Presented with a choice between imitation Tories (the Red Tories exemplifying “New Labour”) and full-fledged Tories, the electorate of any country tends to vote for the official conservatives. As I will soon explain, however, even that was not the dominant problem for Labour in the UK election. Mostly, the Red Tories of “New Labour” lost to real Labour in Scotland – the SNP. A few Red Tories lost because working class voters disgusted with the Red Tories selling out to the banksters joined a populist revolt by voting for UKIP. This allowed the Tories, for example, to defeat New Labour’s leading economic spokesman for austerity – the party’s shadow chancellor, Ed Balls. He lost his seat in Leeds, which has a strong working class.

New Labour has had “no clear guiding philosophy” from the beginning because its strategy of becoming Red Tories and joining the Conservative Party’s assaults on the working class and regulation and its championing of the most corrupt elite bank officers in the world is not a “philosophy.” At best, it is a craven political tactic that depends for its (temporary) electoral success on spectacularly unpopular Tory leadership. The fraud epidemics, financial crises, and severe recessions that result from championing the world’s most corrupt elite bankers ensure that New Labour’s electoral successes will end in repeated disasters.

The NYT authors assert that Labour lost because the number of industrial workers in the UK is a “dwindling core.” The most obvious problem with the claim is the immense surge in support for the NSP in Scotland running as a progressive party against the Red Tories (New Labour).

The UK election, therefore, did not represent the result of “dwindling” support for progressive policies, but a large increase in support for progressive policies. Indeed, another article in the NYT that the authors of the “dwindling core” article failed to read (or ignored) explained that the share of votes cast for Labour increased in this election – rather than “dwindled.” Indeed, the increase in the share of votes cast for Labour in this election was significantly greater than the increase in Tory voters.

Josh Barro’s article entitled “How Labour Gained Votes but Still Lost Seats” bears the date of May 8, 2015, while the “dwindling core” article is dated May 9, 2015. Barro, despite writing earlier, took the time to analyze the election data.

Not only did Labour take a larger share of the vote this week than it did in 2010, but it also improved its vote share by substantially more than the victorious Conservatives did.

It’s a surprising result — Labour improved its vote share by 1.4 points and still managed to lose 26 seats, while the Conservatives mustered a majority by gaining just 0.8 points.

It turns out that the big vote losers were the Lib-Dems. Like New Labour, the Lib-Dems moved far to the right to join the Tories in a coalition government. The voters decided to reject the imitation Tories in favor of the genuine Tories (and to a much lesser extent Labour) – and the Lib-Dems were annihilated as a major political party. Barro explains this point.

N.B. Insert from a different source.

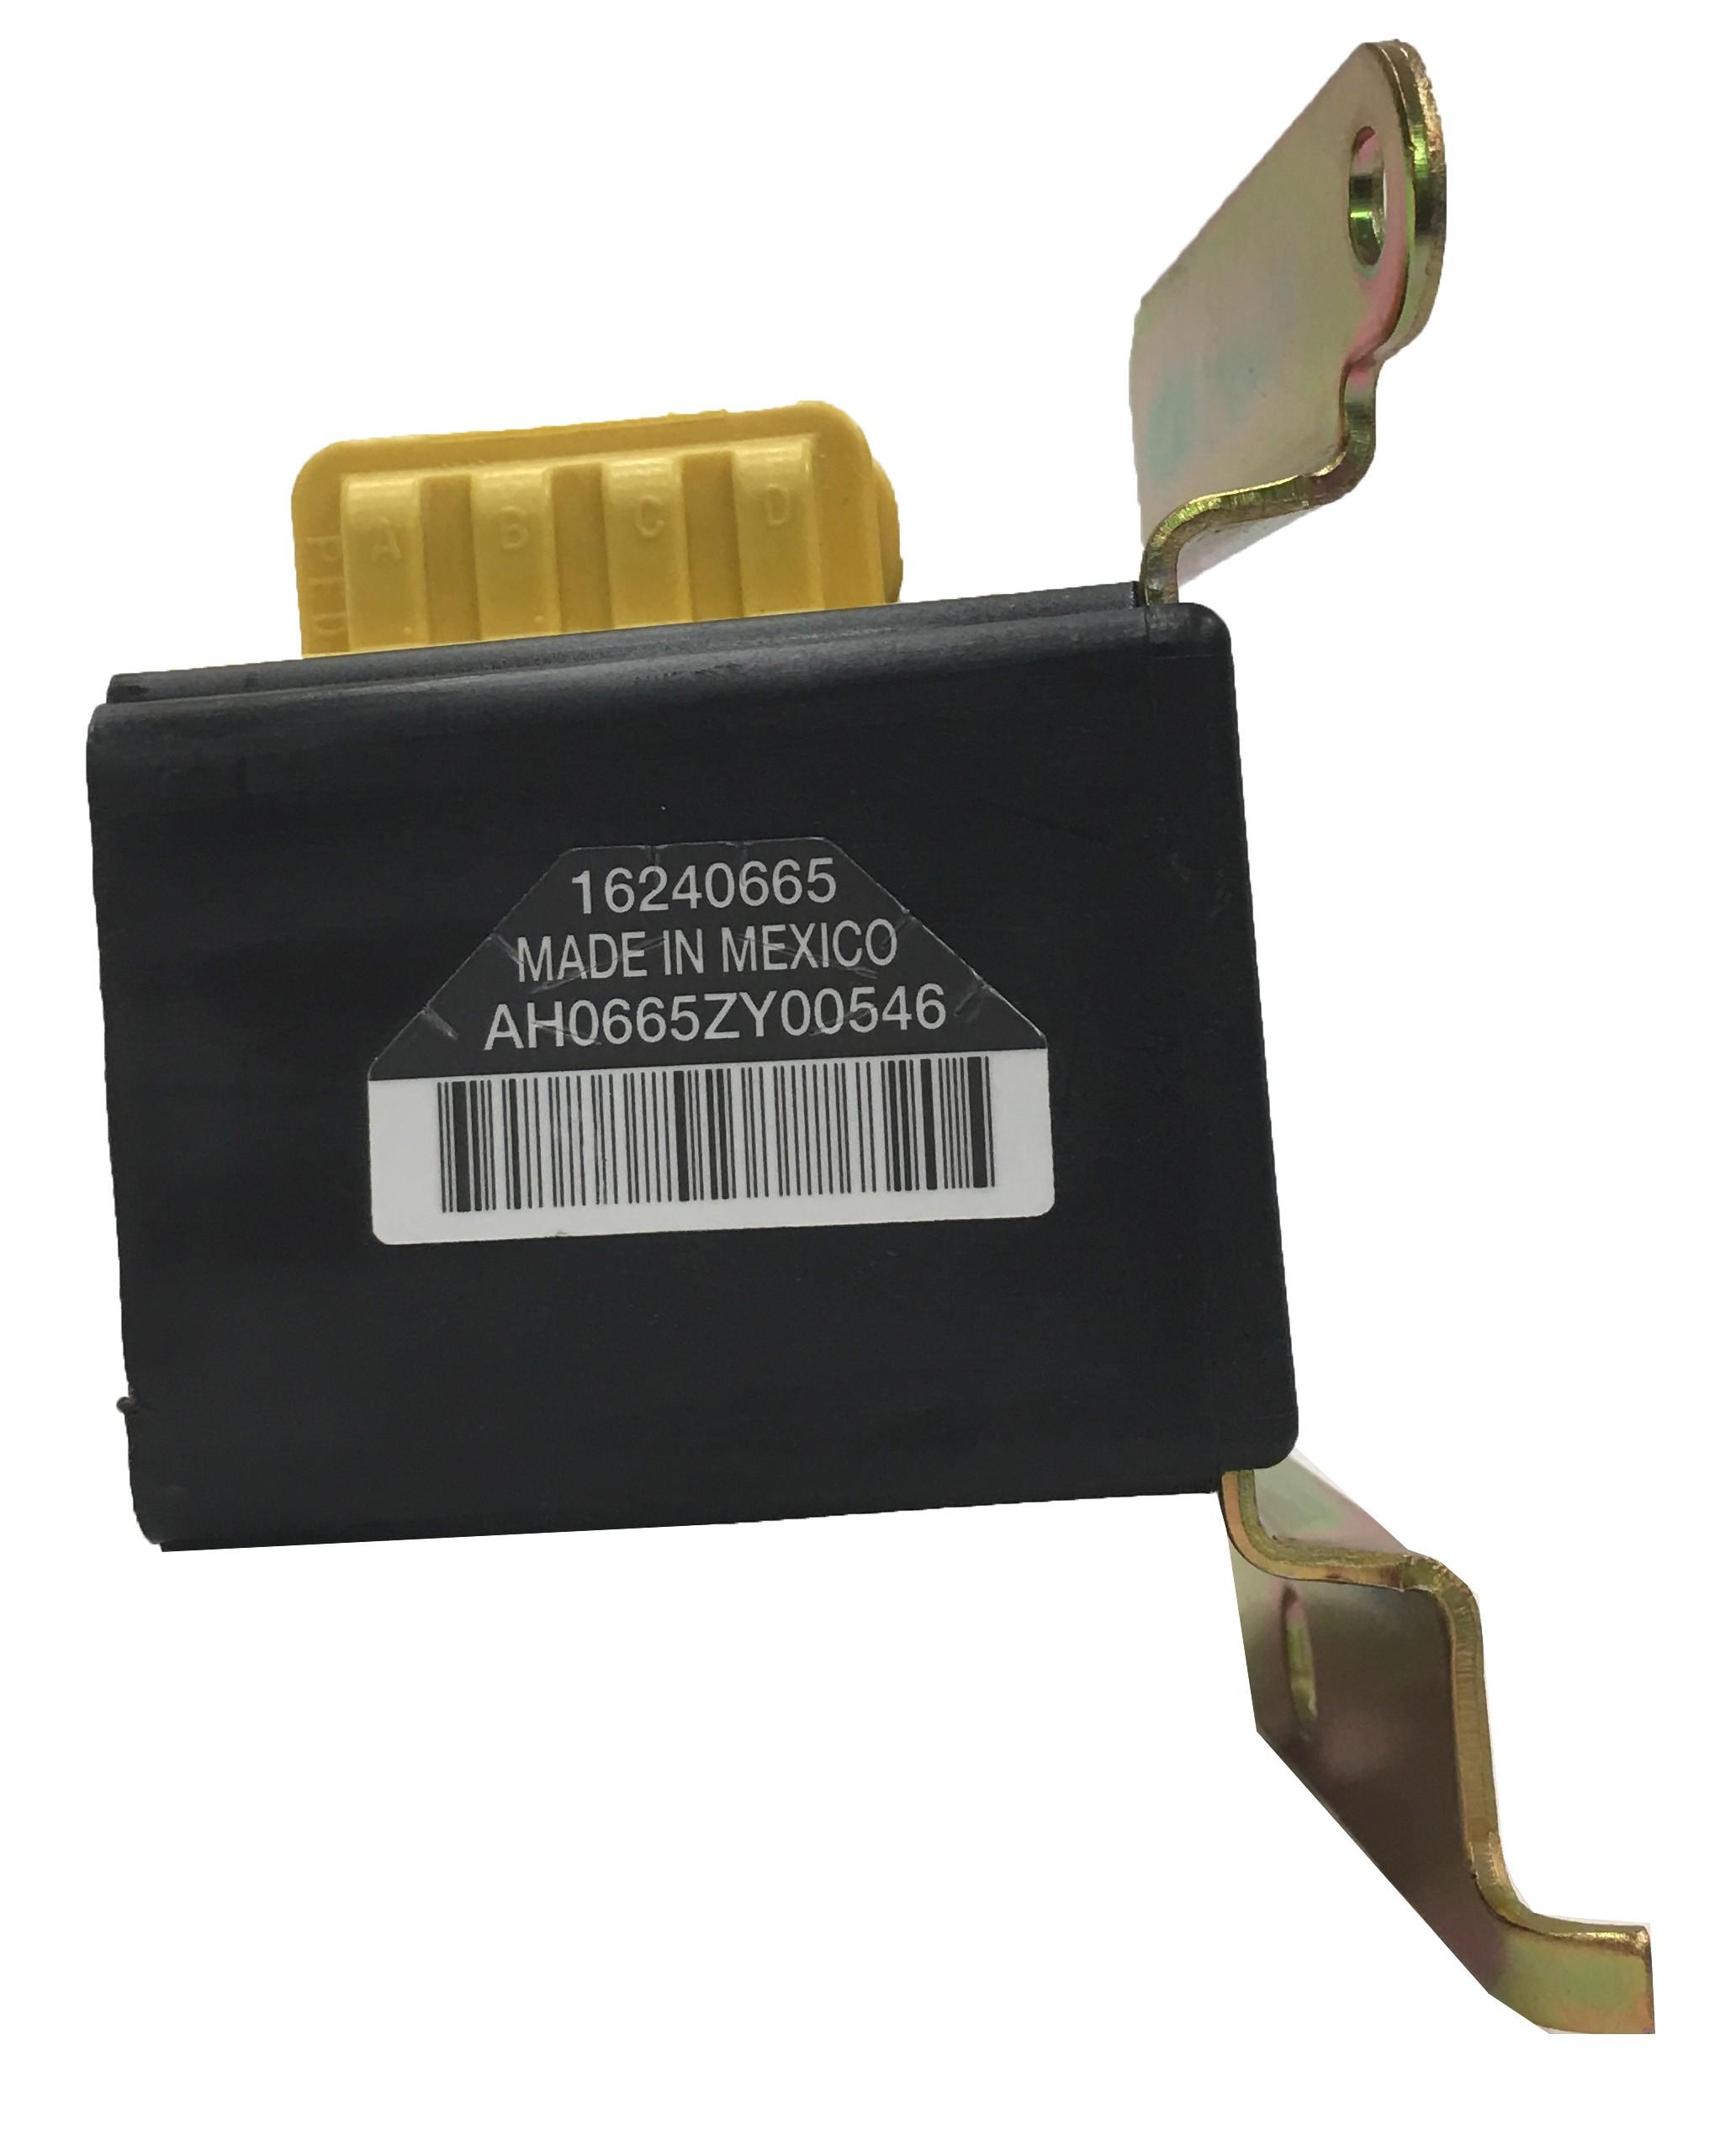 Oem Left Airbag Sensor 16240665 Fits Blazer S10 Jimmy

At the same time the Conservatives were losing votes [but not seats] to UKIP, they were taking votes away from the centrist Liberal Democrats. Those gains translated into a lot of actual Conservative gains of former Liberal Democrat seats, particularly in South West England. Labour also took votes and seats from the Liberal Democrats, but the party was less efficient at turning votes into seats.

It was the crushing of the Lib-Dems and the swing of so many of their votes to the Tories that gave the Tories majority control of the Commons. The party that claimed to have adopted a strategy, by going into coalition with the Tories, of moving to the middle, was annihilated as a political force in the election. The only large progressive party in the UK, the SNP, dramatically increased its total votes, voting share, and seats in the Commons.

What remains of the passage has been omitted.